The Scarecrow's math being wrong was intentional

In 2009 I had a post about Movie mistakes (see here). One of them was the Scarecrow in The Wizard of Oz after he got a Diploma (AH- but not a brain) he said

The sum of the square roots of any two sides of an isoscles triangle is equal to the square root of the remaining side. Oh joy! Rapture! I have a brain!

I wrote that either this mistake was (1) a mistake, (2) on purpose and shows the Scarecrow really didn't gain any intelligence (or actually he was always smart, just not in math), or (3) It was Dorothy's dream so it Dorothy was not good at math.

Some of the comments claimed it was (2).  One of the comments said it was on the audio commentary.

We now have further proof AND a longer story: In the book Hollywood Science: The Next Generation, From Spaceships to Microchips (see here) they discuss the issue (page 90).
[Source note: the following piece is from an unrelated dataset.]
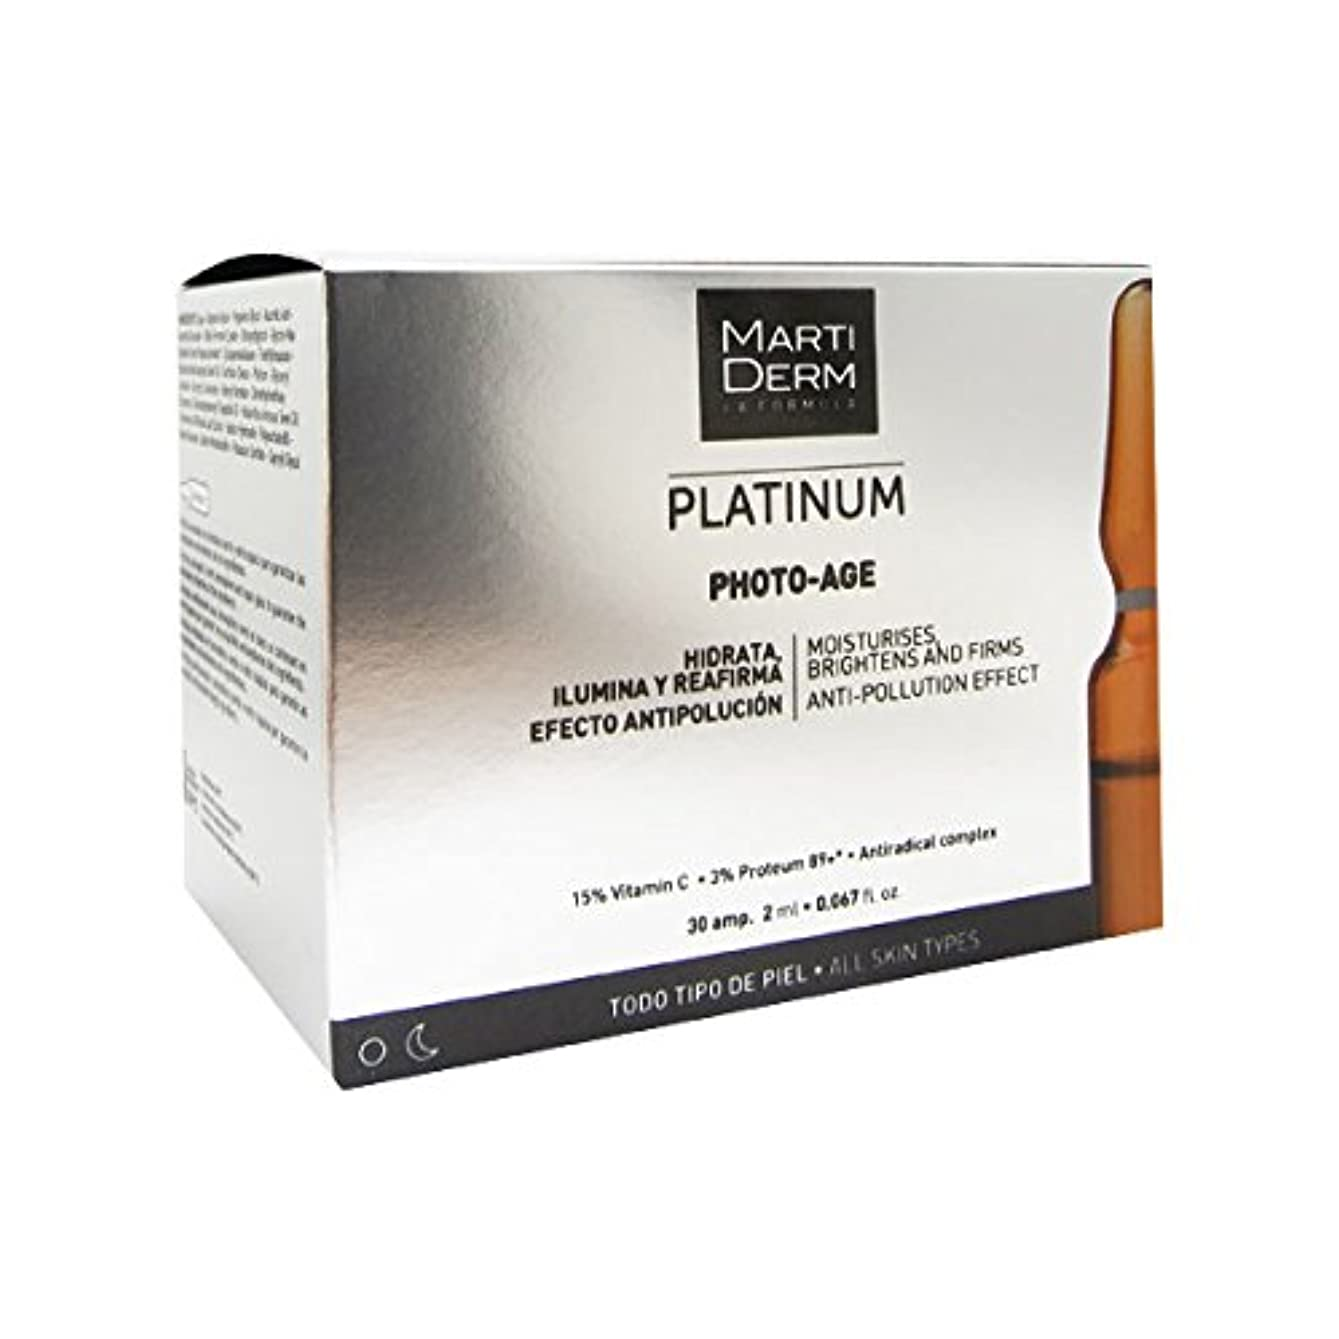 哲学的欺く西部Martiderm Platinum Photo-age 30ampx2ml [並行輸入品]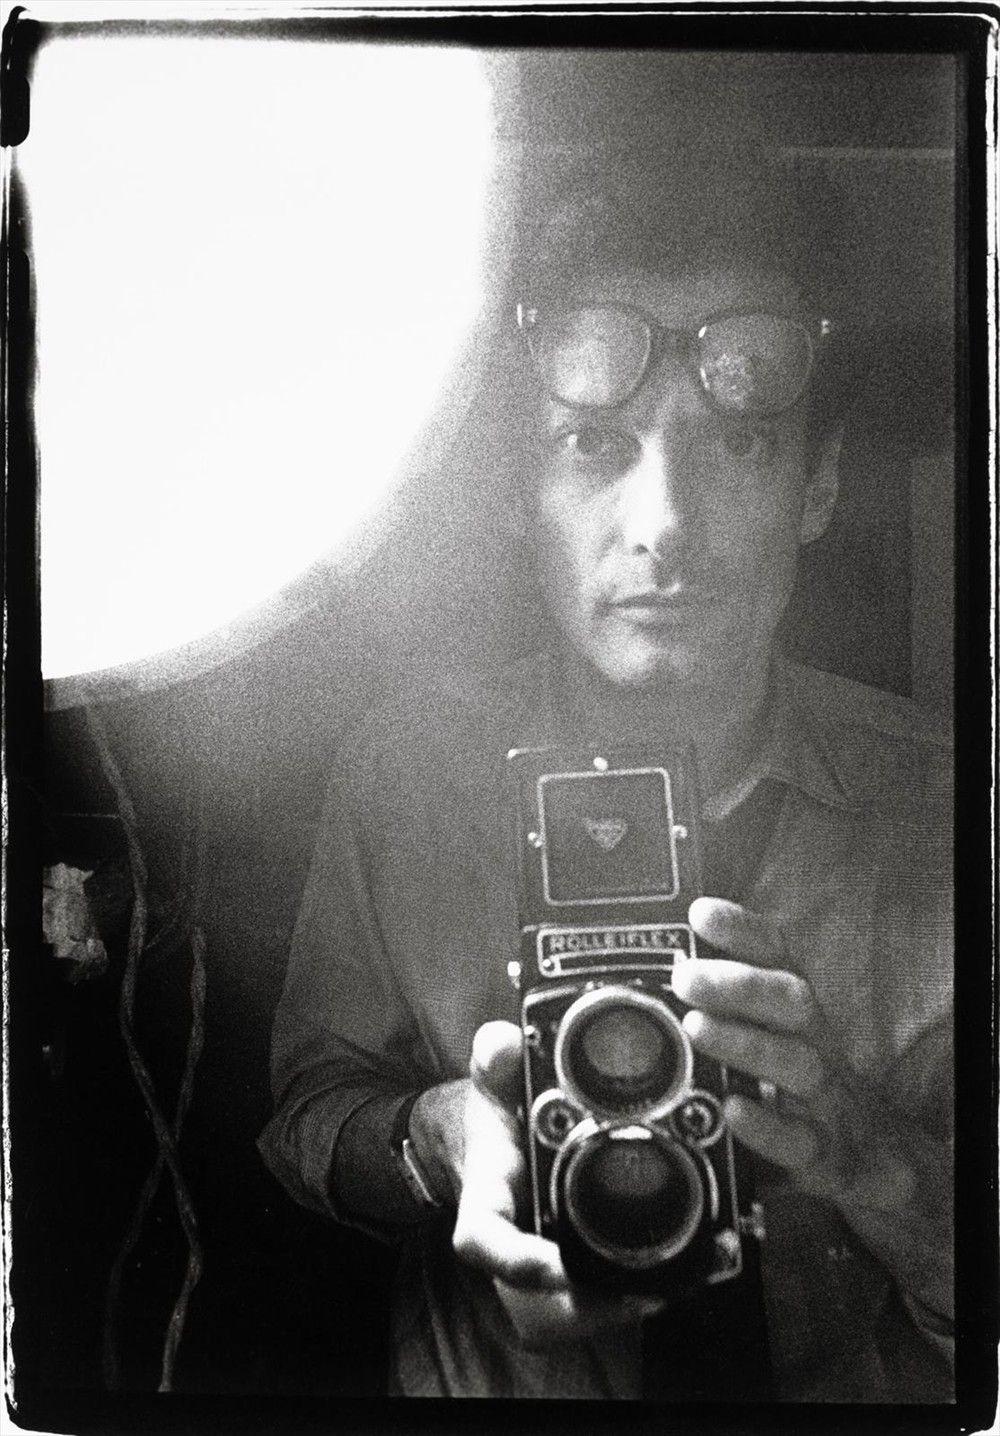 Richard Avedon, Self Portrait, c.1963

The point to our blog as having discussed it (the first book not written by Lance or Lipton-Regan to mention our blog?) and then give evidence that YES it was intentional.

They got a hold of the original script. The Scarecrow originally had a longer even more incoherent speech that was so over the top that of course it was intentional. Here it is:

The sum of the square roots of any two sides of an isosceles triangle is equal to the square root of the remaining side: H-2-O Plus H-2-S-O-4 equals H-2-S-O-3 using pi-r-squared as a common denominator Oh rapture! What a brain!

While I am sure the point was that the Scarecrow was no smarter, I'm amused at the thought of Dorothy not knowing math or chemistry and jumbling them up in her dream.